However, at present, the plasticizer added to the soft PVC bag is a controversial issue of stability and environmental hormones during incineration, so a bag-type packaging using a non-PVC coextruded film has been developed. The non-PVC bag sap packaging has the advantages of ease of handling, easy disposal, and high temperature sterilization of soft PVC bags, and there is no harm to the human body and environmental problems caused by plasticizers. It is also the most preferred because it is an environmentally friendly material that can be recycled.

However, in order to use the non-PVC film having the above-mentioned advantages as a packaging container for medical sap, flexibility for easy handling and disposal after use, transparency for checking whether contents are contaminated, biohazard and mechanical properties, 121 ℃, It should satisfy various requirements such as high temperature sterilization, heat fusion resistance and impact resistance which can be sterilized under 30 minutes of sterilization conditions. Therefore, for a film satisfying the above properties, a film forming material that is excellent in heat resistance after high temperature sterilization without deformation of appearance and maintains excellent transparency and flexibility is required.

Generally used polypropylene is heat resistant enough to be sterilized at high temperature, but poor transparency and flexibility. In addition, the alpha olefin copolymer is flexible, but the heat resistance is poor, causing the degradation of physical properties after sterilization, it is impossible to be used alone for packaging sap.

For this reason, as in US Patent No. 4,643,926, it is manufactured from a five-layered multilayer film, one outer layer of which is composed of a resin selected from polyester, copolyester, etc. as a heat resistant and durable layer, and the seal layer is a polyolefin resin. And a uniform ethylene / alpha-olefin copolymer having a density of 0.89 to 0.92 g / cm 3 was used for the intermediate layer, which is composed of and provides flexibility and strength to the film.

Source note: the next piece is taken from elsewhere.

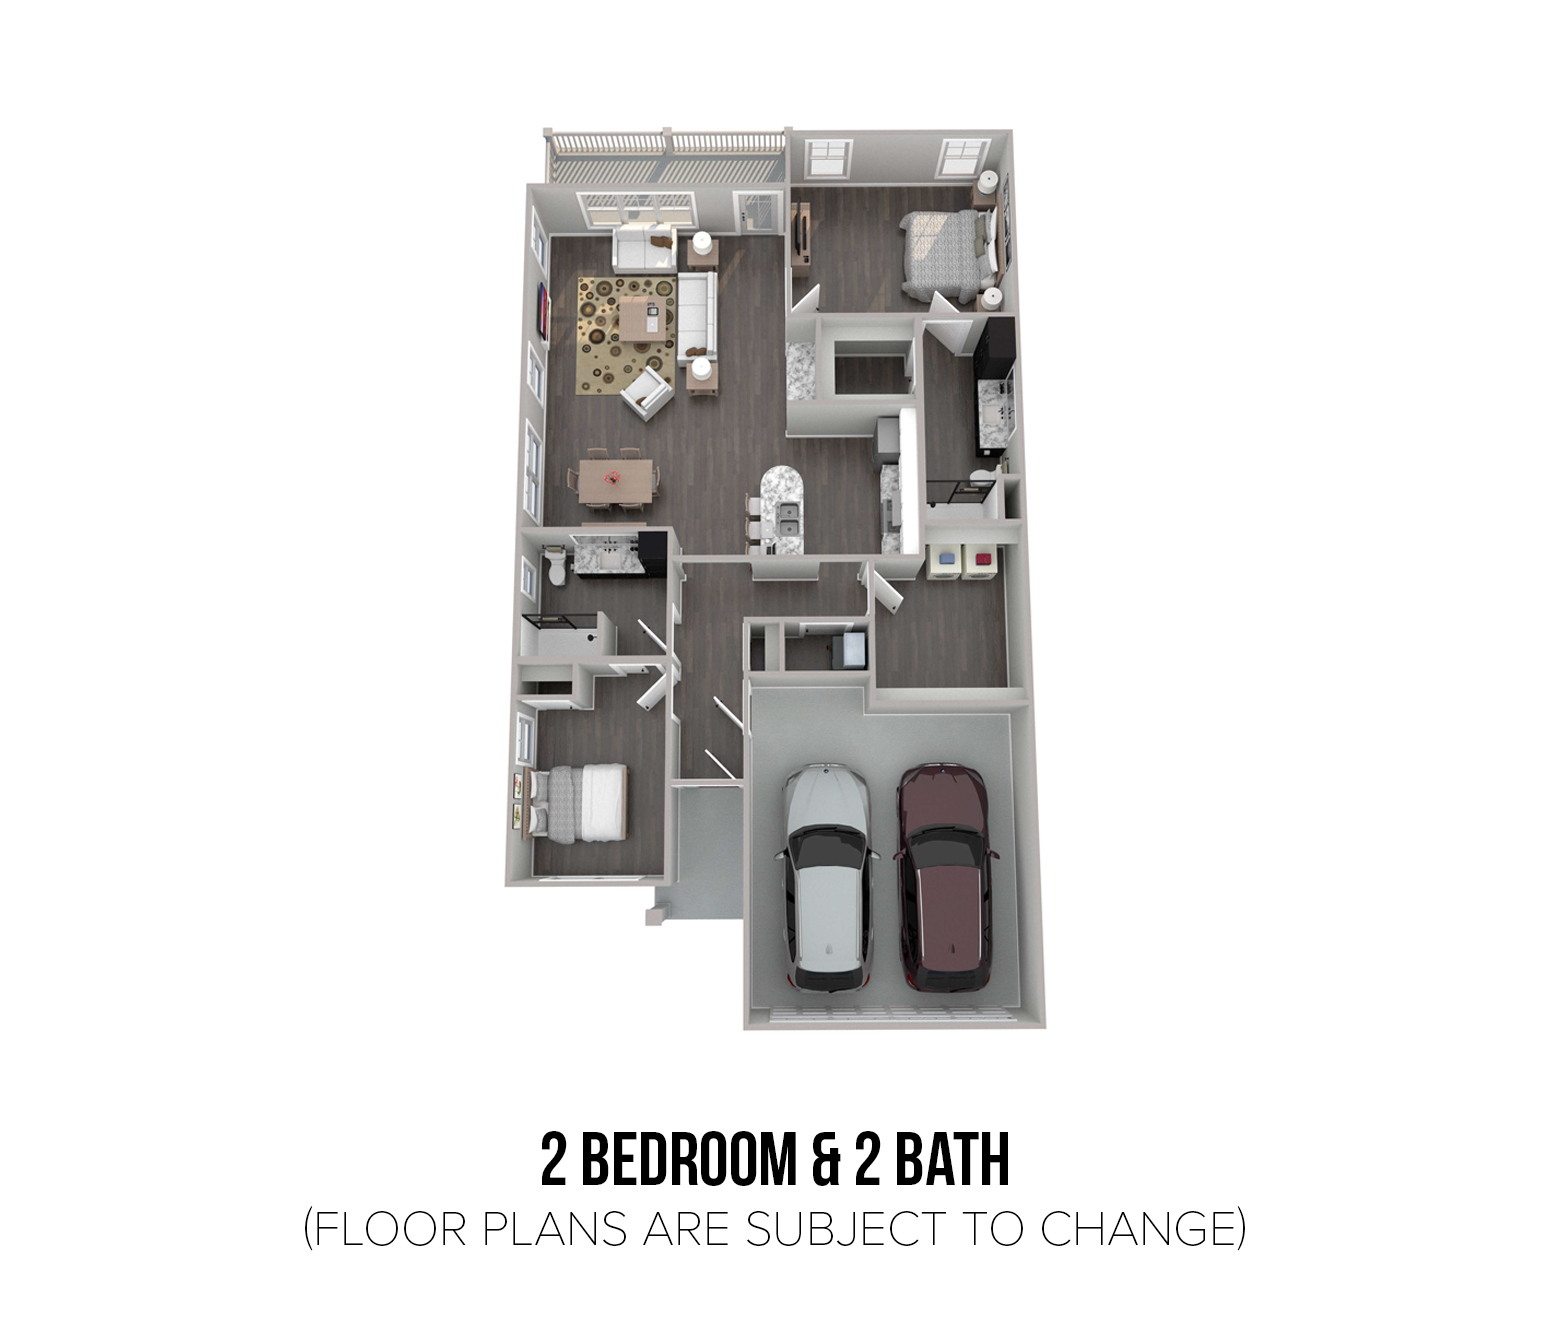 Floorplan - 2 Bedroom & 2 Bath image

In addition, in order to compensate for the disadvantages in which the delamination between resins constituting the three layers, an adhesive layer using a resin such as anhydride-modified ethylene / vinylacetate copolymer is prepared between the layers consisting of five layers in total.

However, pouches made of such polyolefin-based multilayer films have a disadvantage in that the flexibility still required for securing a drainage property comparable to that of PVC pouches is required, and thus, reinforcement thereof is required. Moreover, high temperature and water vapor which are encountered during the heat-sterilization process are required. Due to crushing of the pouch, and mechanical side effects such as decrease in transparency and transparency, the improvement is urgently requested.

In particular, resins such as copolyesters adopted for the outer layer are more hydrophilic than polyolefin-based resins, and thus have a high water permeability. Thus, when sterilization is completed and the pouch is cooled, a large amount of water vapor penetrates into the inner layer during high temperature sterilization. As water vapor condenses in the film and remains trapped, there has been a big problem that the pouch becomes cloudy and has an opaque appearance.

In addition, there is a possibility of interlayer peeling due to the heterogeneity between resins used in each layer. Therefore, a five-layer structure in which an interlayer adhesive layer is inserted is recommended to reinforce the adhesive layer. Resin, such as polyester, is also causing a high raw material cost increase because it is very expensive compared to polyolefin-based resin, and also due to the processing into five layers, it leads to an increase in equipment investment and processing costs compared to the structure of three or less layers.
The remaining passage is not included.